NAME: Shiela Tranquilino. Angusan GRADE & SECTION: Gr.10-Mabini

TEACHER: Juvelyn Parason

TITLE: Early pregnancy

Format:

Abstract

Introduction

Body

Conclusion

Note

ABSTRACT:

Teenage pregnancy is now one of the biggest problem of the country. Most of the
teenagers are students who became really curious about “sex” to the point they done some adventure
and do it with a person who’s not ready too, to build a family. And it’s one of the problem too, because
they can’t provide anything for the family. Teenage pregnancy should stop as soon as possible. Parents
should look up to their sons and daughter, while it’s still early they should teach lessons to their children
for them not to be that curious. Teenagers is on poverty their hormones is high so as a parent you
should be strict.
INTRODUCTION:

Teenage pregnancy is a global problem. It confronted all levels of societal Status


from low, middle to high-income nations. The current paper provides an exploration of the
mothers that come across the stage of Teenage pregnancy. This provides narratives of the
causes, challenges encountered, and their regrets by mothers that come across teenage
Pregnancy. A qualitative method of research was used in this study. The narrative – case study
design was utilized in this methodology. It Includes 10 participants and data were gathered
through the use of a semi-structured interview schedule. The following were the study’s
Significant findings: The majority of the participants were at the age of 21 and got pregnant at
the age of 16 – 19. Most of them were first-year College students when they got pregnant,
unmarried, unemployed, and therefore dependent on their parent’s income. Participants’
narratives revealed that they got pregnant at an early age because of the individual willingness
of having sex with their boyfriend, socialization with their Friends, and family influences. It is
significantly shown in their narratives that the challenges they encountered in
childbearing/raising Were financial shortcomings, acceptance of the community, and their
marital relationship. Their pregnancy greatly affects their studies Resulting in dropping out of
school. Participants confronted emotional stress during their pregnancy. Participants commonly
narrated that they Regretted most finishing their schooling and seeking a quality job.

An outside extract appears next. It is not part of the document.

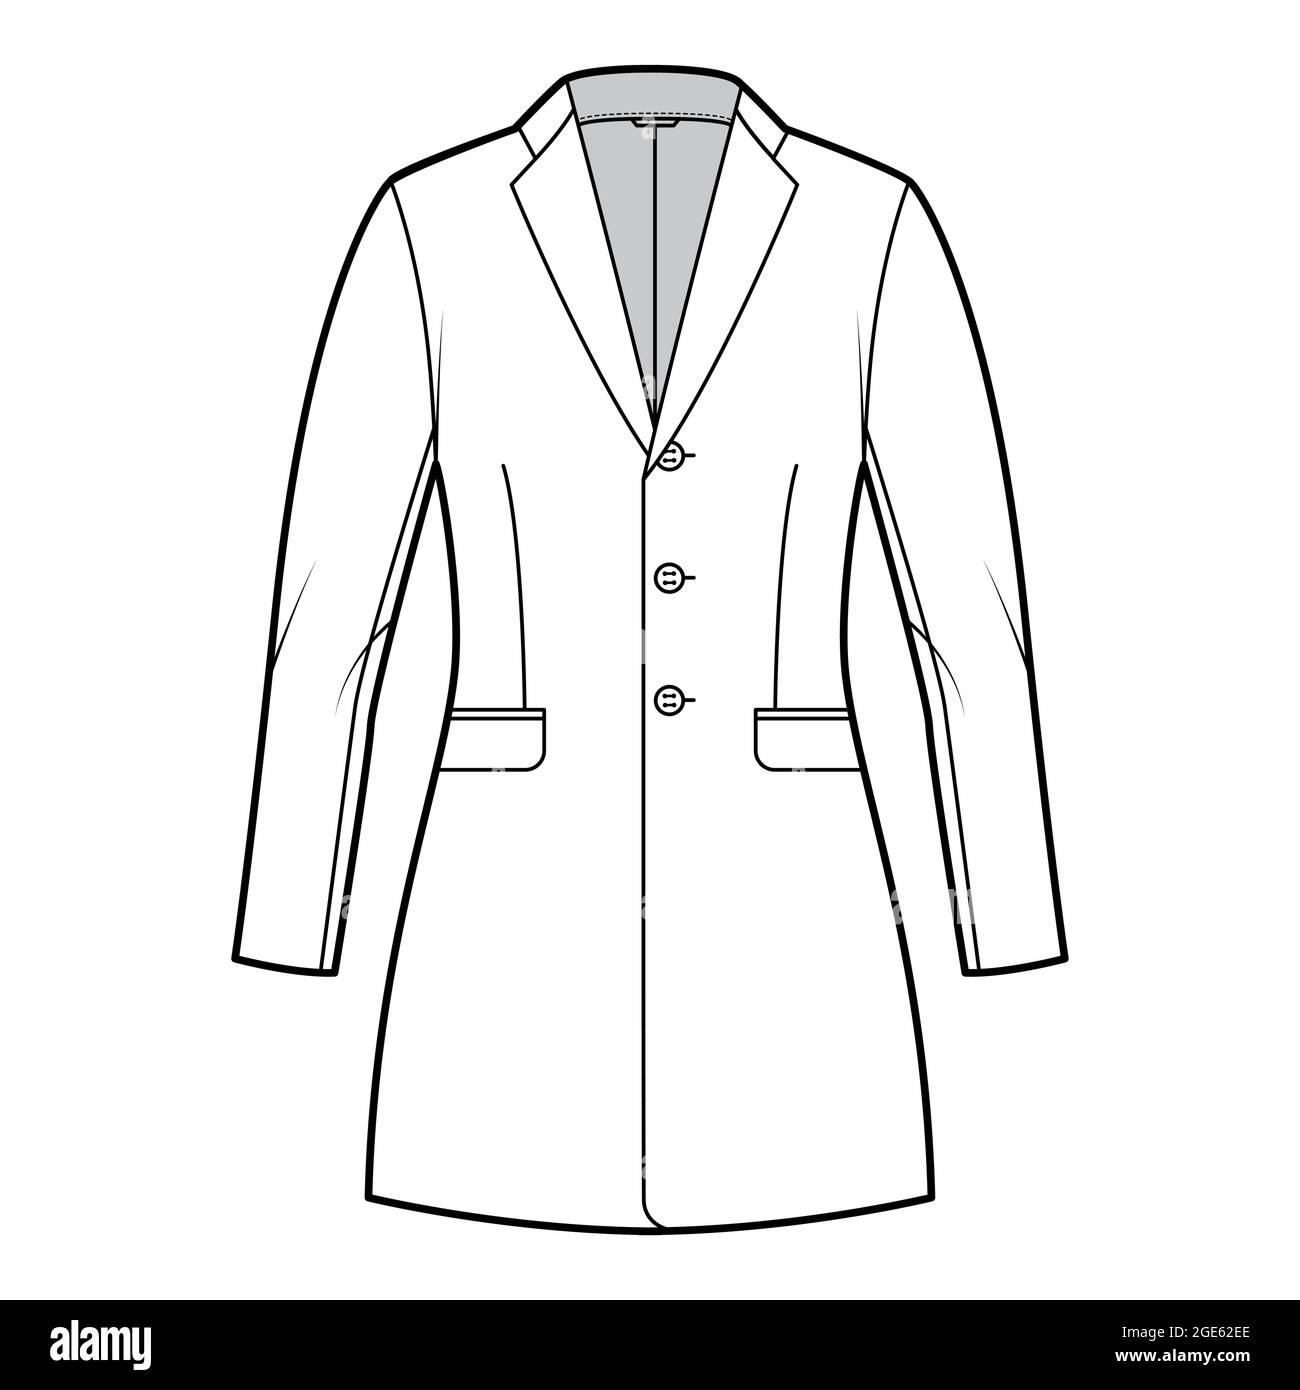 Jacket fitted Blazer structured suit technical fashion illustration with single breasted, long sleeves, flap pockets, fingertip length. Flat coat template front, white color style. Women, men CAD Stock Vector

Teenage pregnancy, also known as adolescent pregnancy, is pregnancy in a


female under the age of 20. Pregnancy can occur with sexual intercourse after the start of
ovulation, which can be before the first menstrual period but usually occurs after the onset of
periods (Steward & Raja, 2020).
The World Health Organization reported that there are approximately 12 million girls
aged 15–19 years And at least 777,000 girls under 15 years give birth each year in developing
regions. At least 10 million Unintended pregnancies occur each year among adolescent girls
aged 15–19 years in the developing world. Complications during pregnancy and childbirth are
the leading cause of death for 15–to 19-year-old girls globally. Of the estimated 5.6 million
abortions that occur each year among adolescent girls aged 15–19 years, 3.9 million are unsafe,
contributing to maternal mortality, morbidity, and lasting health problems (World Health
Organization (WHO), 2020).

The UNESCO (2020) releases news stating the Early and Unintended Pregnancy:
Recommendations for the education sector, in addition to the detrimental effects on health,
social, economic, and education of adolescent girls, early and unintended pregnancy also put
the young mother’s and the child’s lives at risk.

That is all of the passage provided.